— Input for this task —
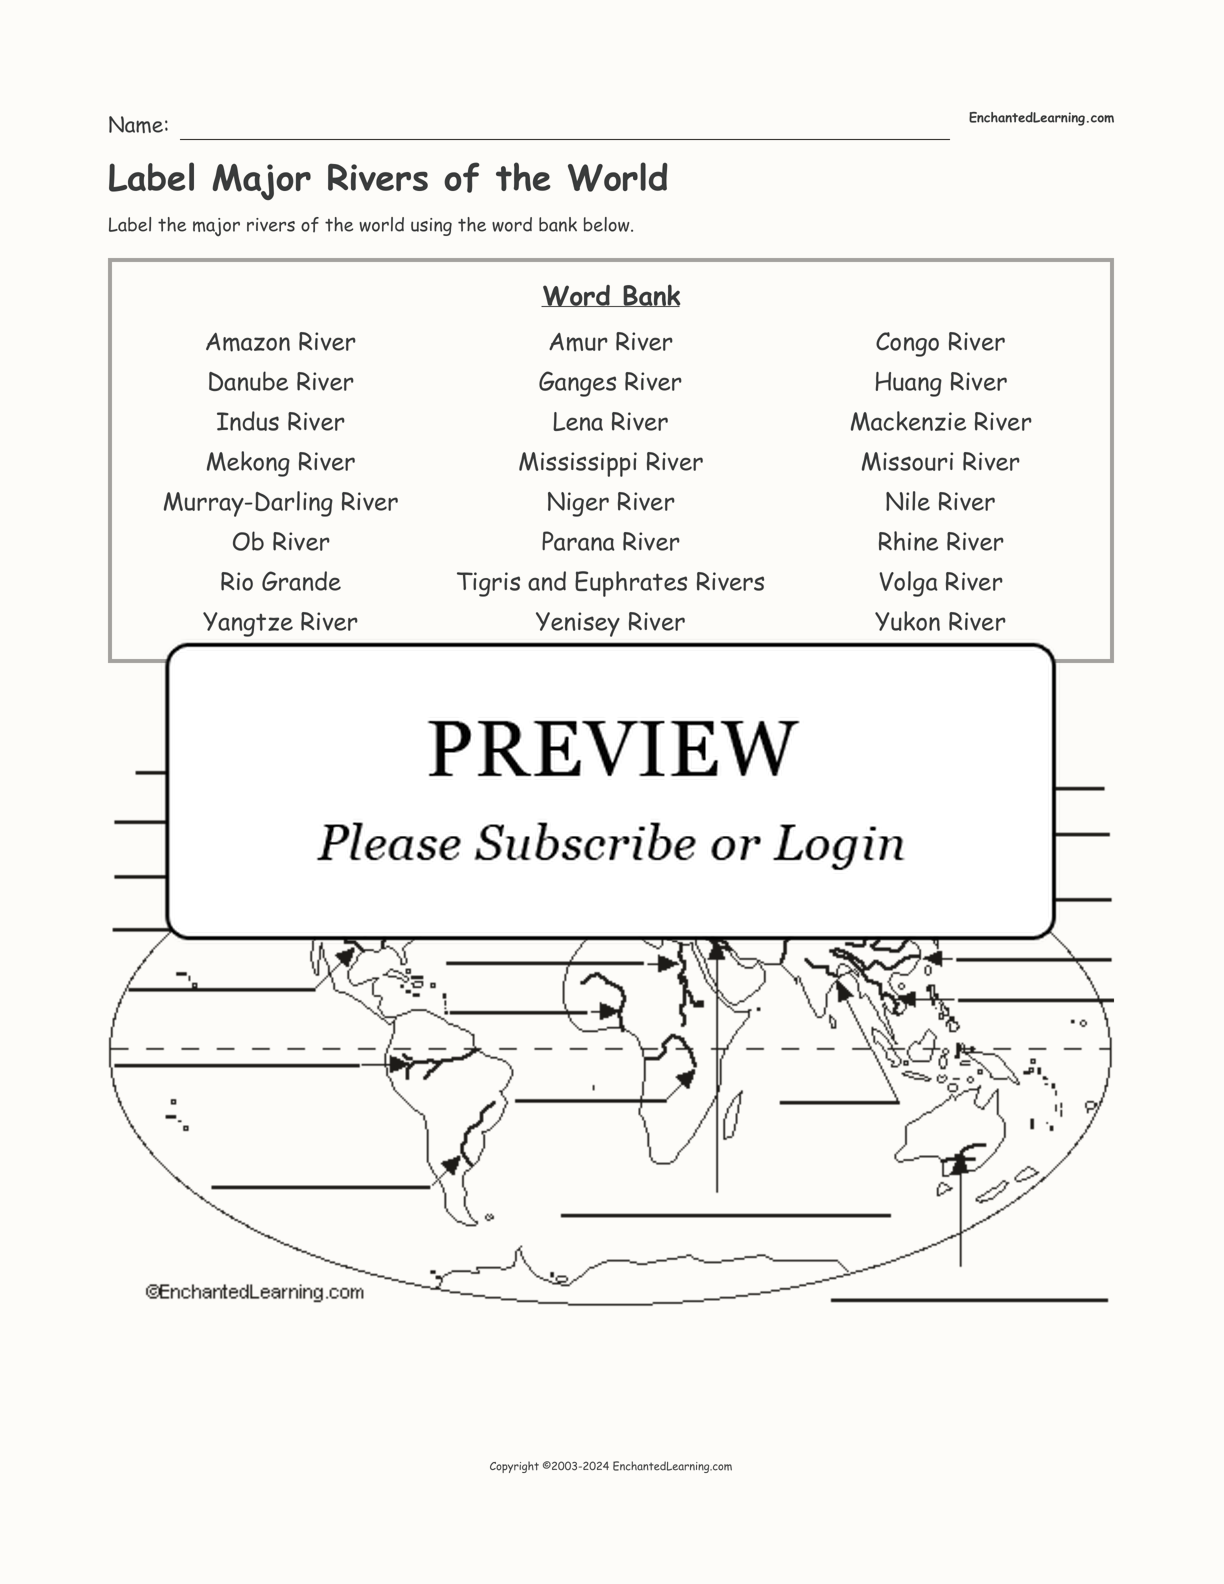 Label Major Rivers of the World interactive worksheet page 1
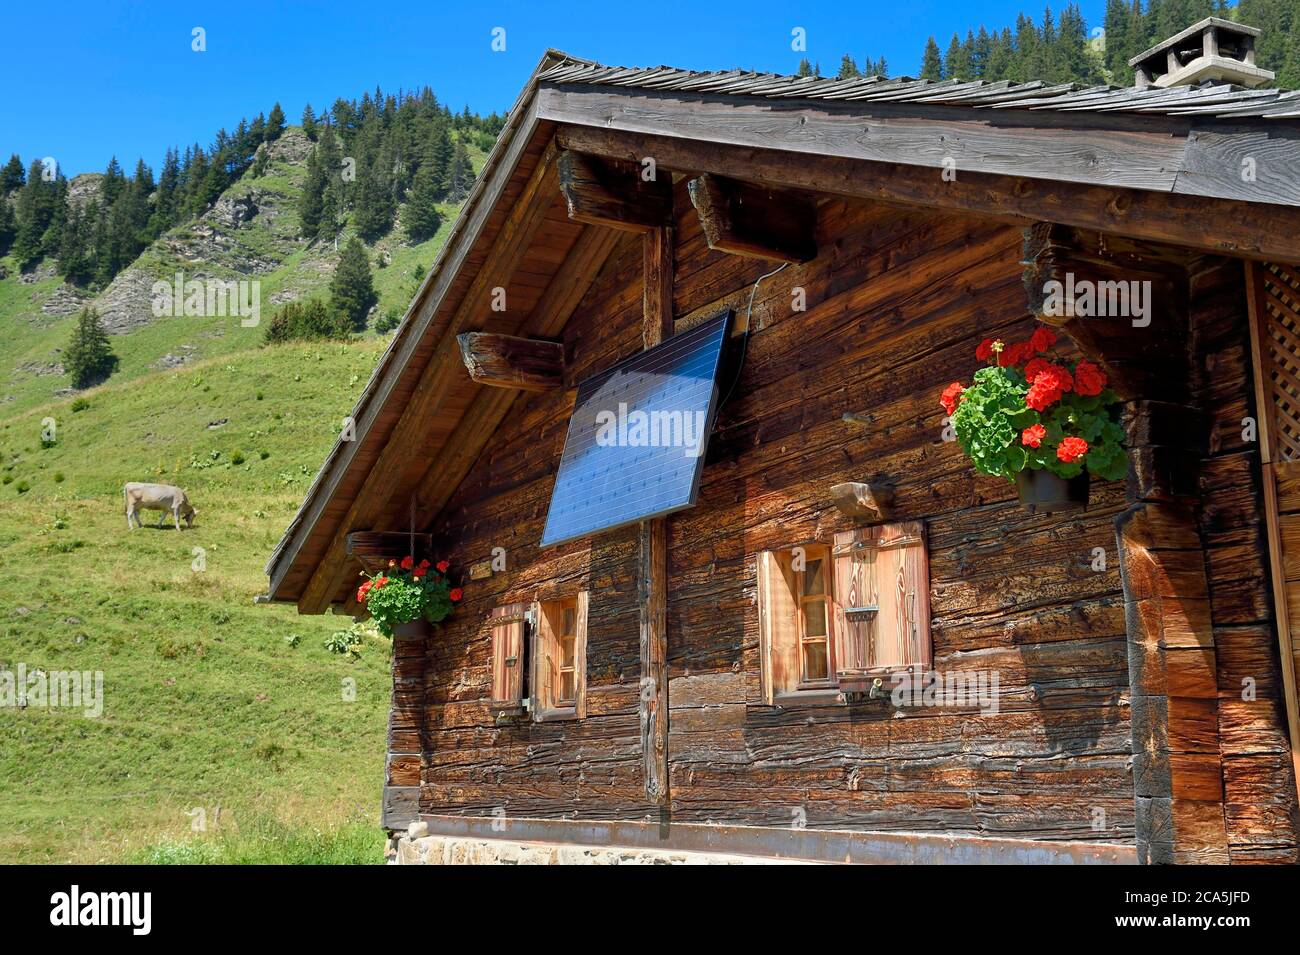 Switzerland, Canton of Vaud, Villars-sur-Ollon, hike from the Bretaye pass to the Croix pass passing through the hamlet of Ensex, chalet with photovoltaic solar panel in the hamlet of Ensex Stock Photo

==

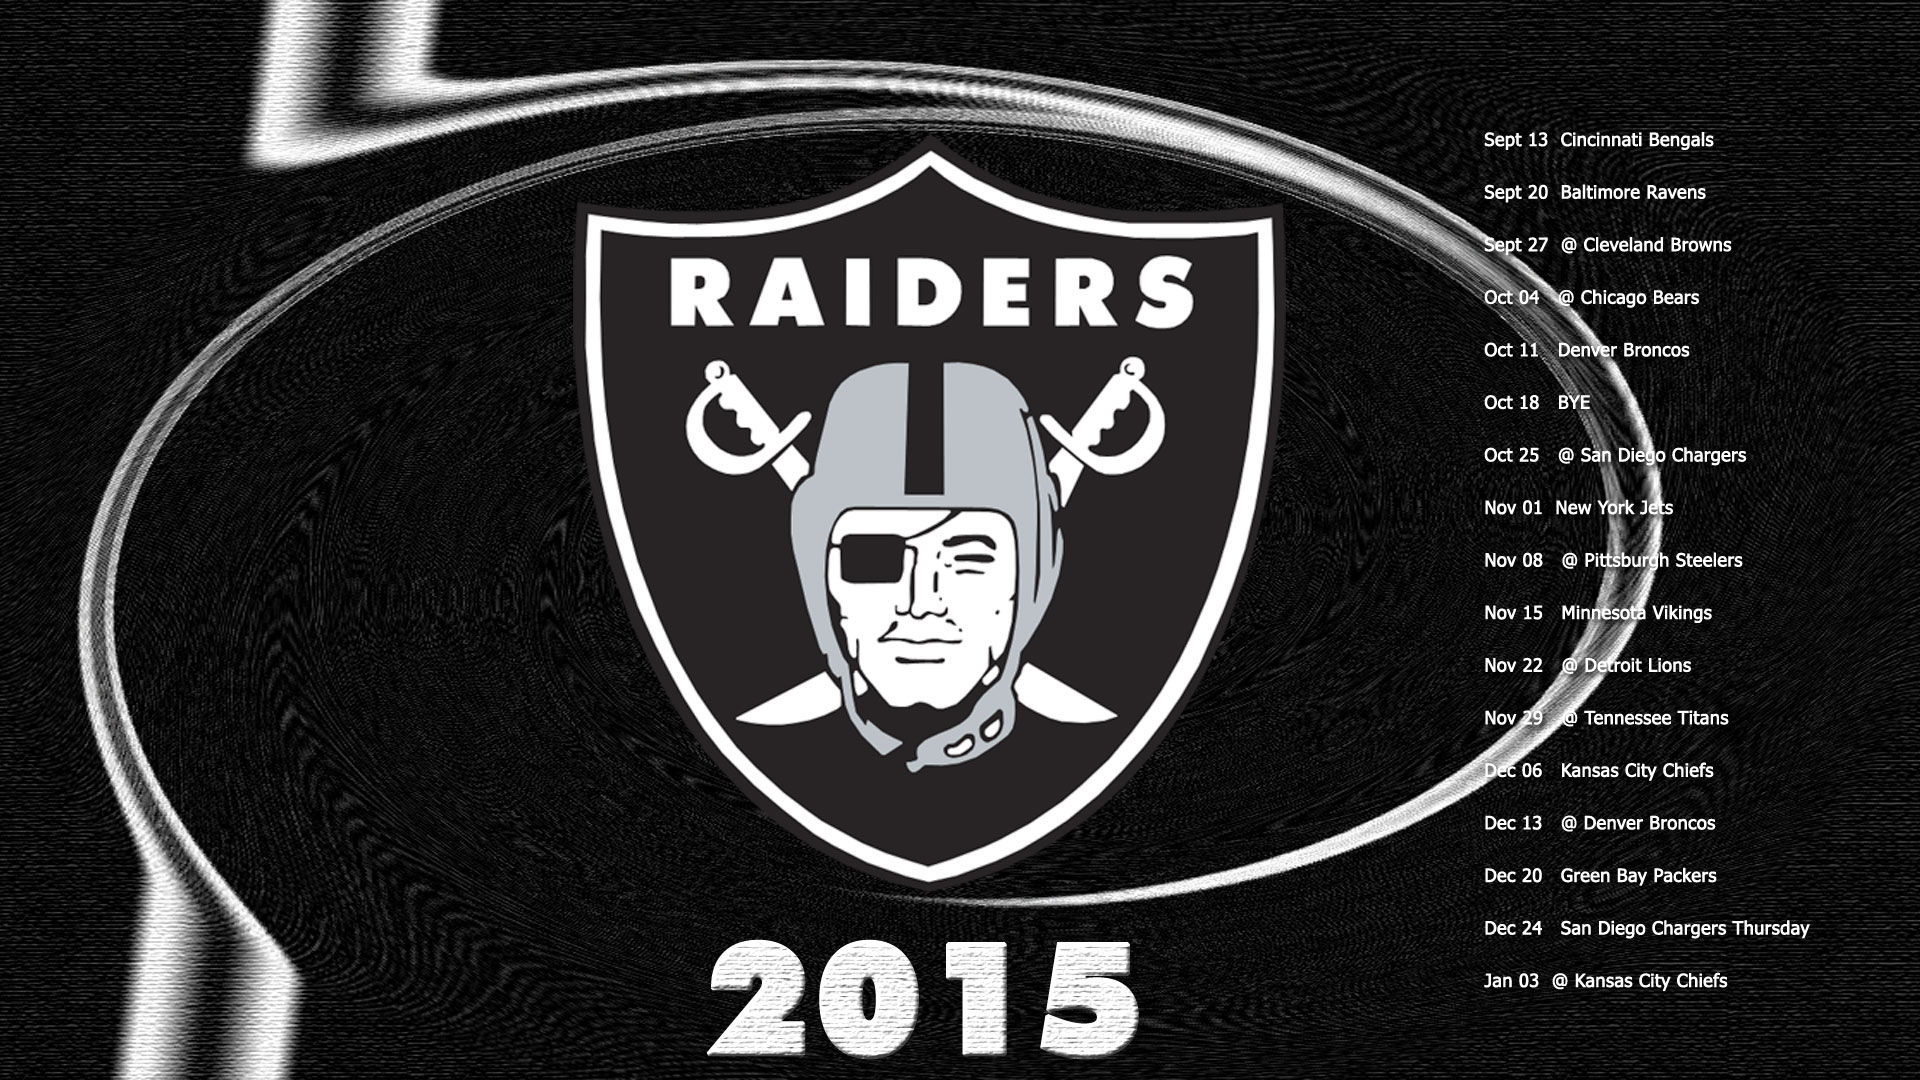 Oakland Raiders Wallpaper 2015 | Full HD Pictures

* * *

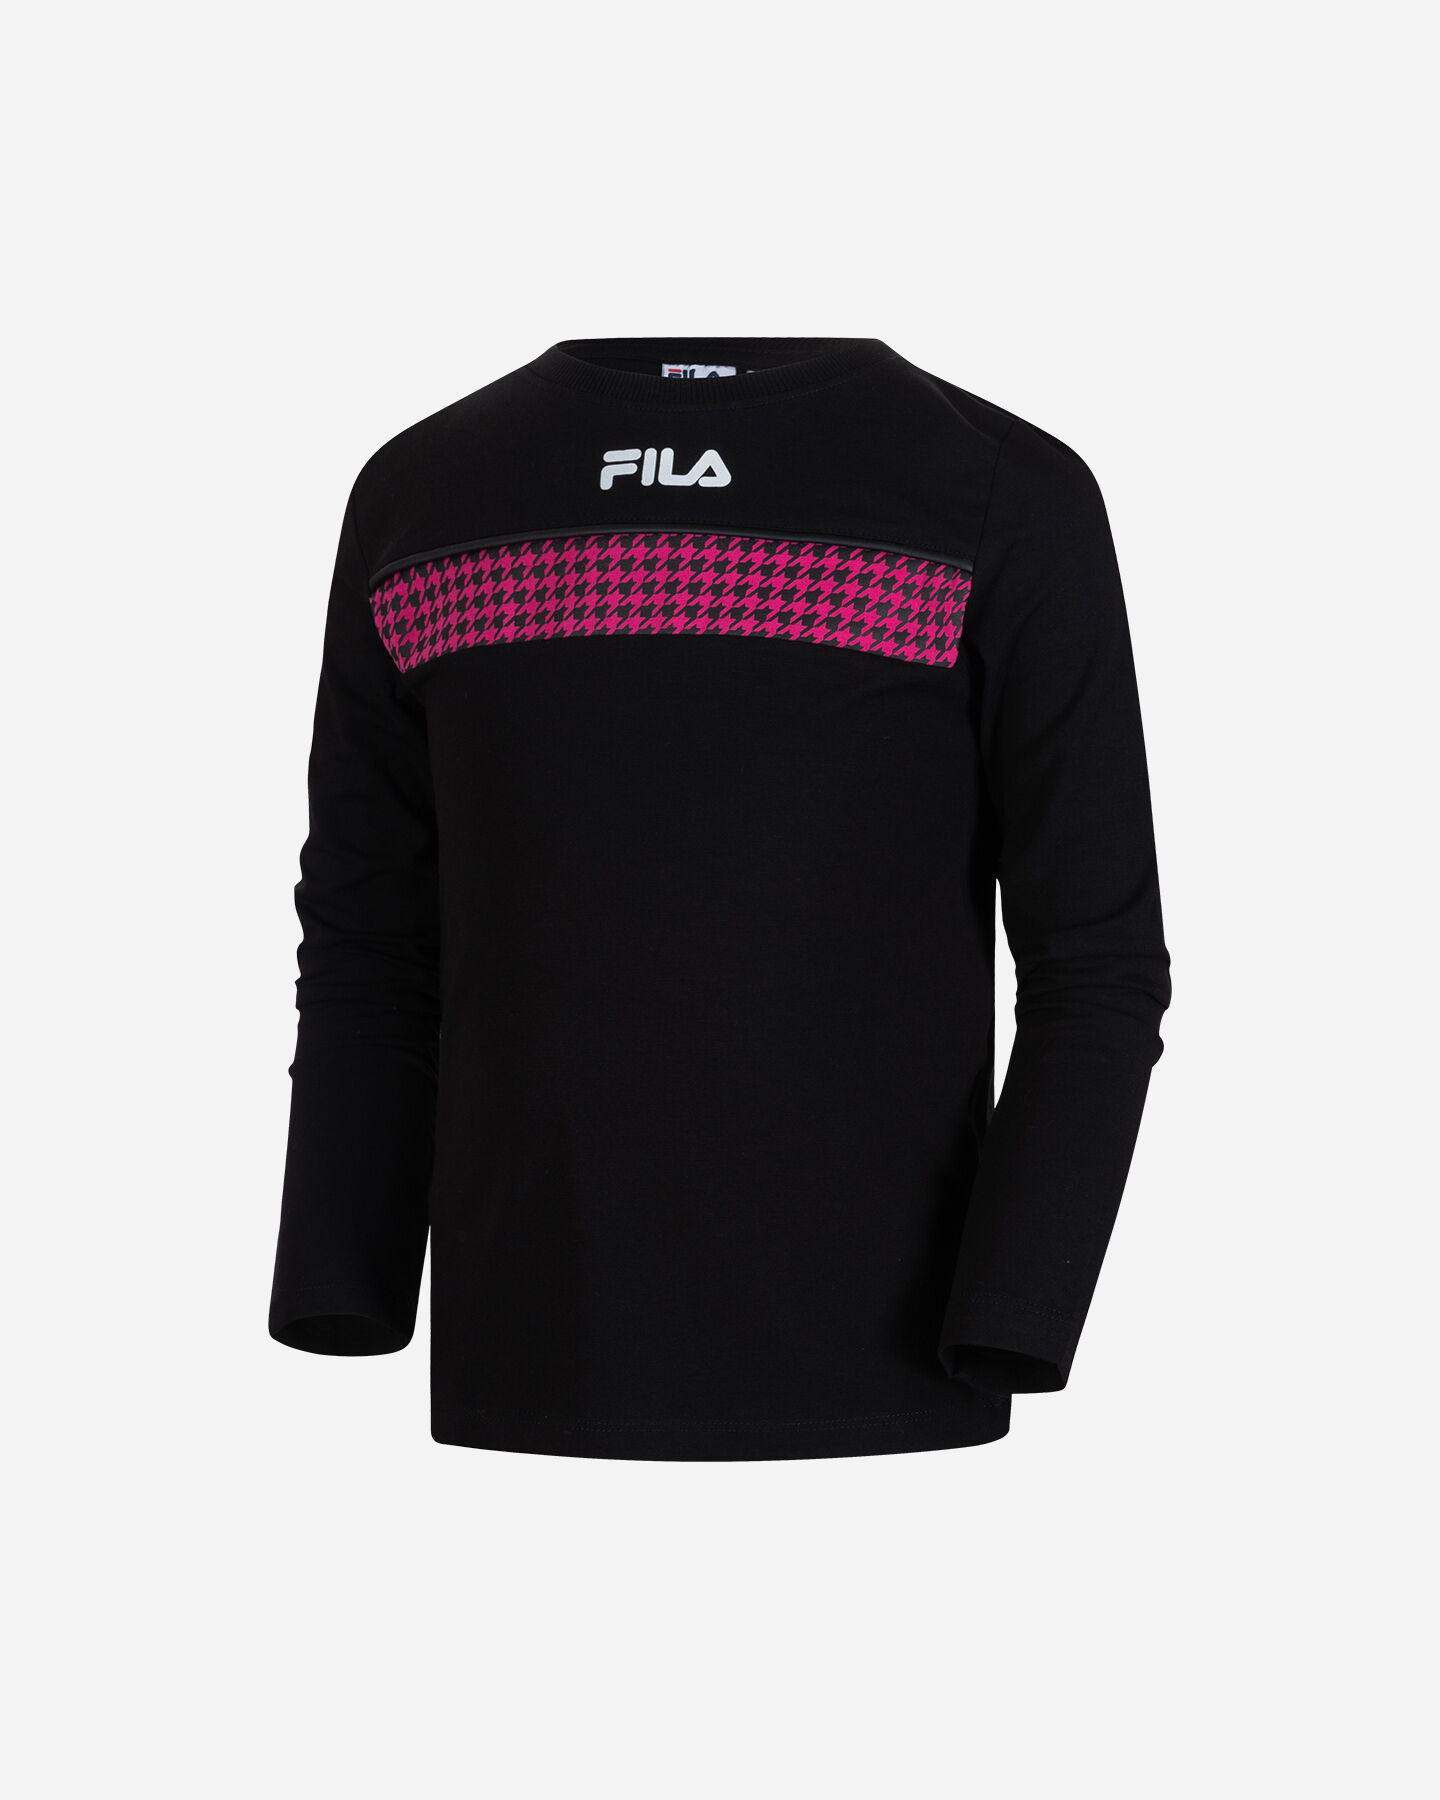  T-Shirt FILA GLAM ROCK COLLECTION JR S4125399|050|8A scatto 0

— Problem —
Your copy should hold the lines from the one with "Label Major Rivers" up to and including the one with "Switzerland, Canton of", exactly as in the data above, and no pictures.

— Finished task —
 Label Major Rivers of the World interactive worksheet page 1
 Switzerland, Canton of Vaud, Villars-sur-Ollon, hike from the Bretaye pass to the Croix pass passing through the hamlet of Ensex, chalet with photovoltaic solar panel in the hamlet of Ensex Stock Photo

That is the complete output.